G.SARAY öyle bir çetin cevize rastladı ki, kırmak için adeta balyoz gerekiyordu. Gençlerbirliği baskıya karşı baskı, hücuma karşı hücum anlayışındaydı. Galatasaray bu çetin ceviz karşısında bir türlü tezgahı kuramadı.
İliç ve Carrusca’nın vuruşları hedefe varsaydı belki skorda bir değişiklik yapabilirdi. Ama Gençlerbirliği’ni açmak çok zordu. Çünkü takımın tümü savaşmaya alışık ve pes etmeyen bir ekipti.
İkinci bölümde Hasan Şaş girince biraz tempo arttı. Artınca da Gençlerbirliği tedirginleşti. Mesut Bakkal defans oyuncusunu oyuna sokmaya başlayınca ceviz yavaş yavaş çatlamaya başladı. Gerets son şans olarakta oyuna Hakan Şükür’ü ilave etti. Hakan daha bölgesine girer girmez, ısınmadan balyozu yapıştırıp cevizi kırdı. Yoksa Galatasaray’ın gol atacağı yoktu. Çünkü karşısındaki rakip hem kapanmasını hem de hücuma çıkmasını biliyordu. İki takımın da kazanma duygusu maçı güzelleştirmişti.
Gerest haklı
Mondragon, PSV maçından sonra kendine gelmiş. Gençlerbirliği’nin 1-2 gol olacak pozisyonunu yerinde müdahelelerle önledi. Ayhan ilk bölümde çalışkanlığı ve attığı paslarla futboluna futbol kattı. İnamoto da Gençlerbirliği’nin azgın dalgalarında mücadele etti.

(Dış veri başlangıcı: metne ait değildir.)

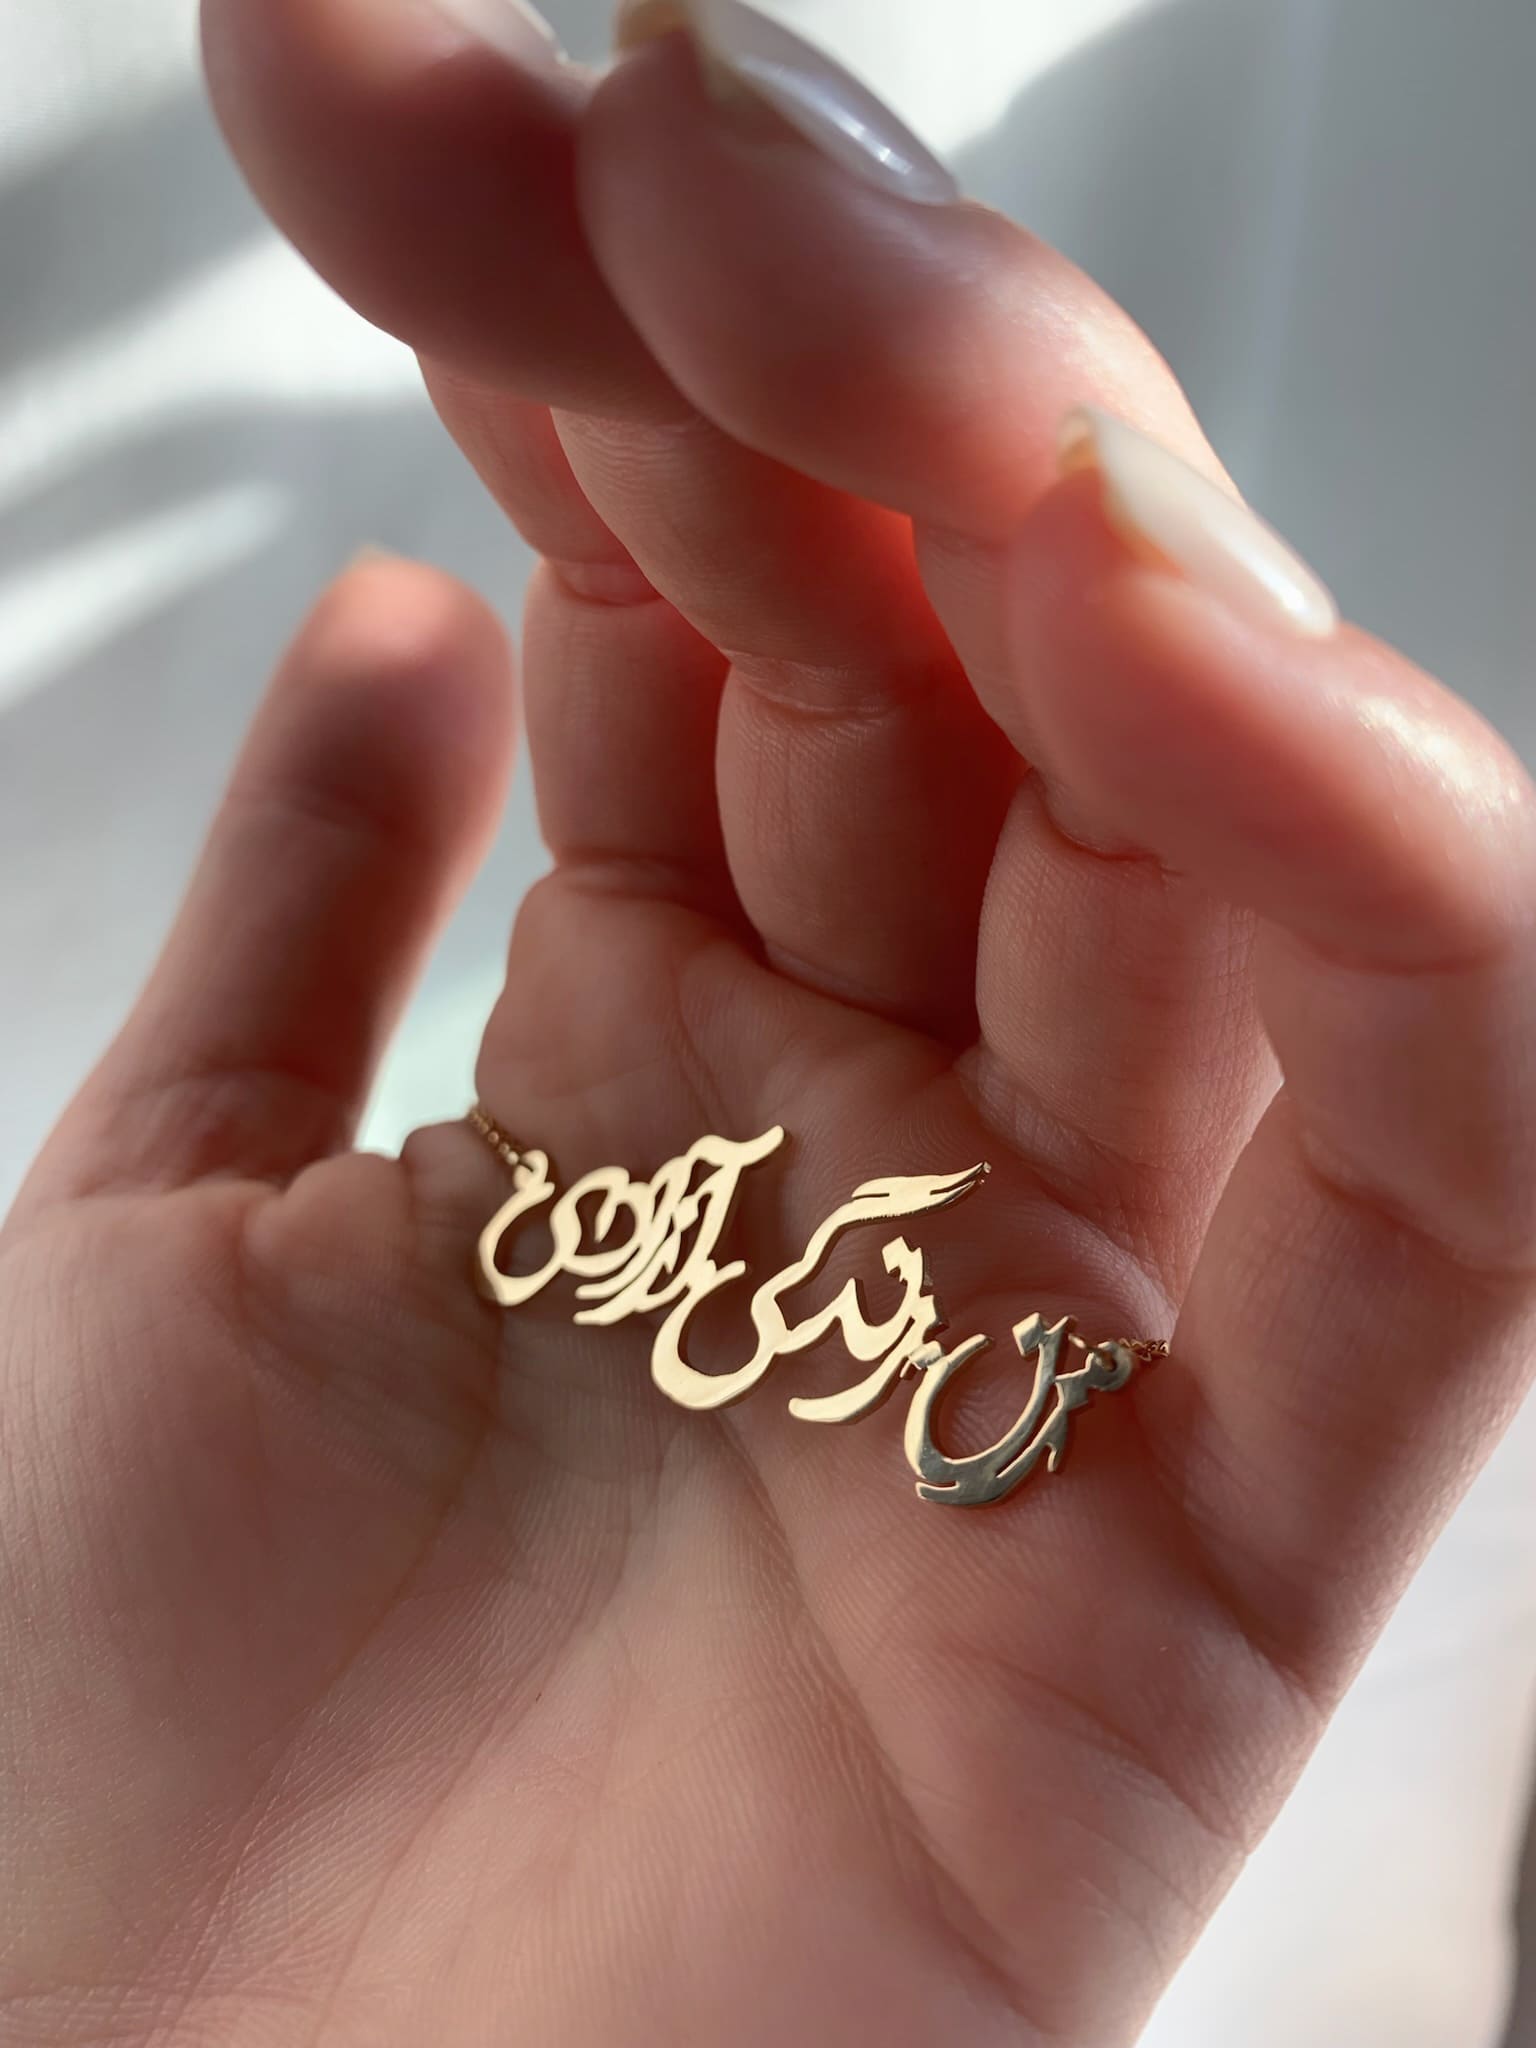 Women Life Freedom Iran Calligraphy Name Necklace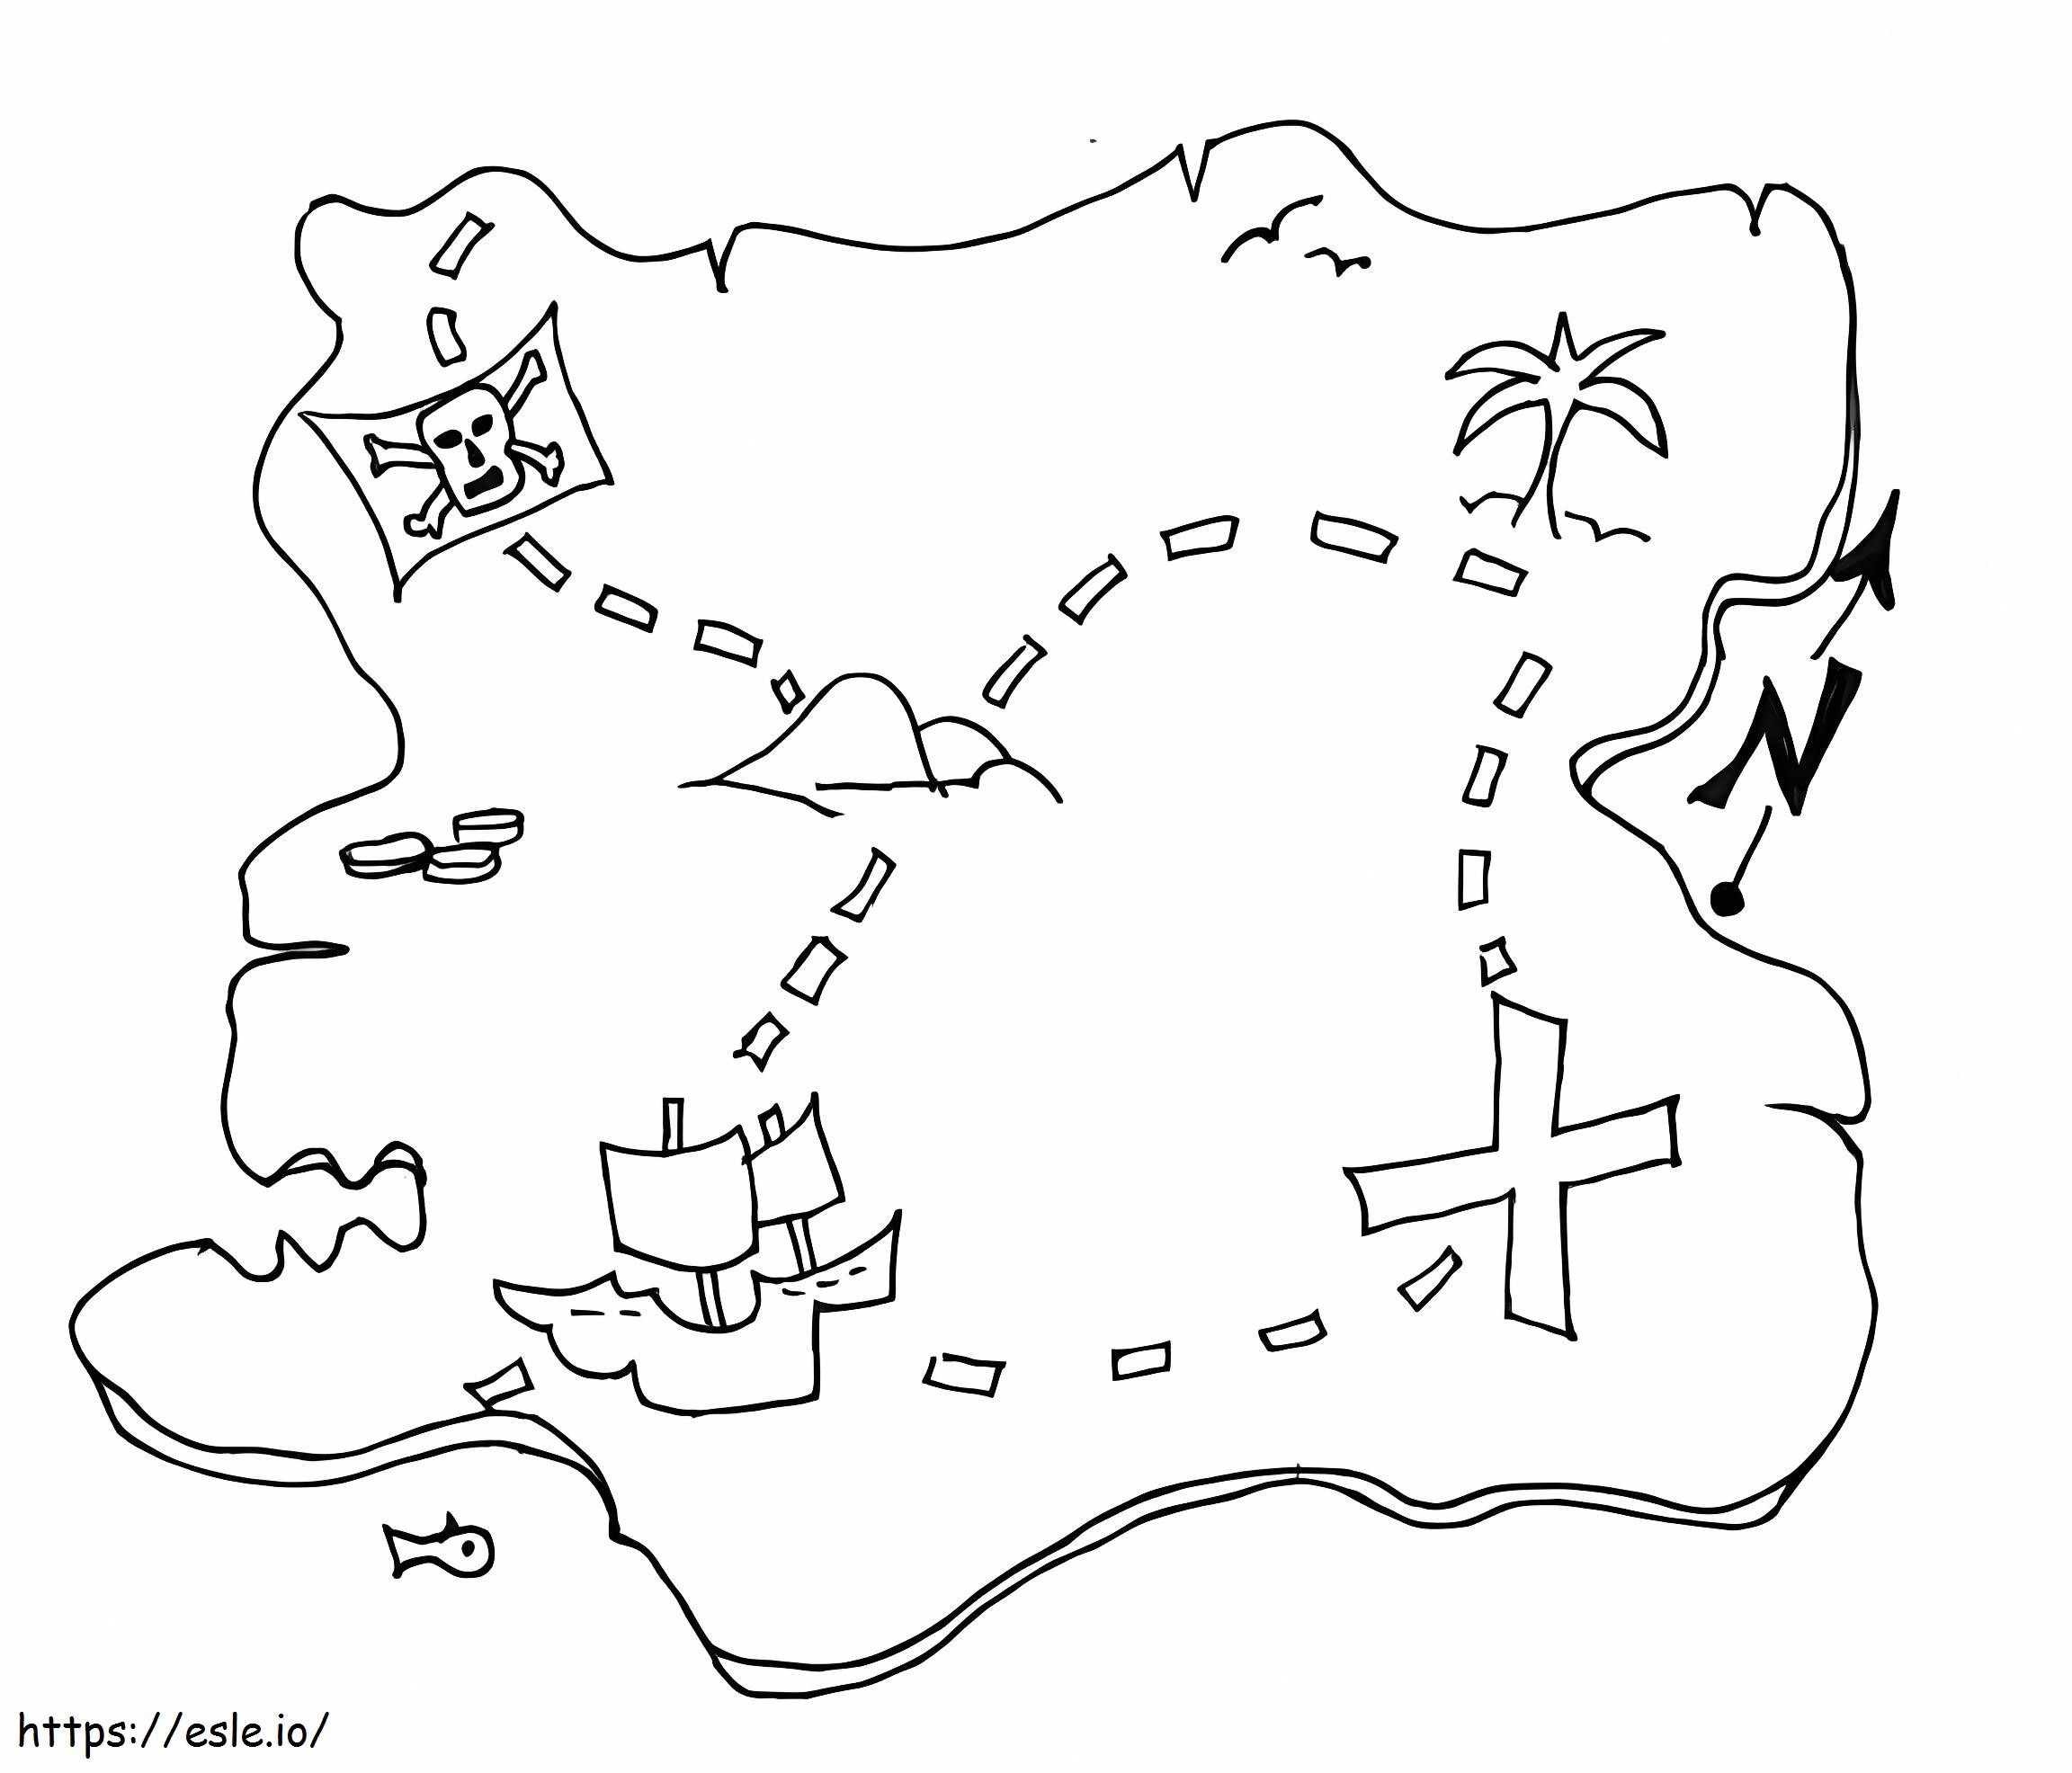 Free Treasure Map To Print coloring page

Song ve Tomas hızlı Gençlerbirliği hücum adamlarına fazla yol vermedi. Gençlerbirliği gol yemesine rağmen sonuna kadar oyunu bırakmadı. Galatasaray şayet oyunu kenarlara yayıp Gençler defansını açsaydı, bu kadar yorulmazdı.
Gerets her hafta daha iyi olmak için elindeki malzemeyi kullanmak istiyor. Bunda da haklı. Bir maç önce iyi oynayan futbolcuya ışık tutuyor, ona sahnede yer alması için formayı teslim ediyor. Onlarla yaşayan kişi Gerets, burada haklı. Örneğin Carrusca’da ışık var. Şayet kendine gelen iki pozisyondan bir tanesini gole çevirseydi belki de Carrusca konuşulurdu.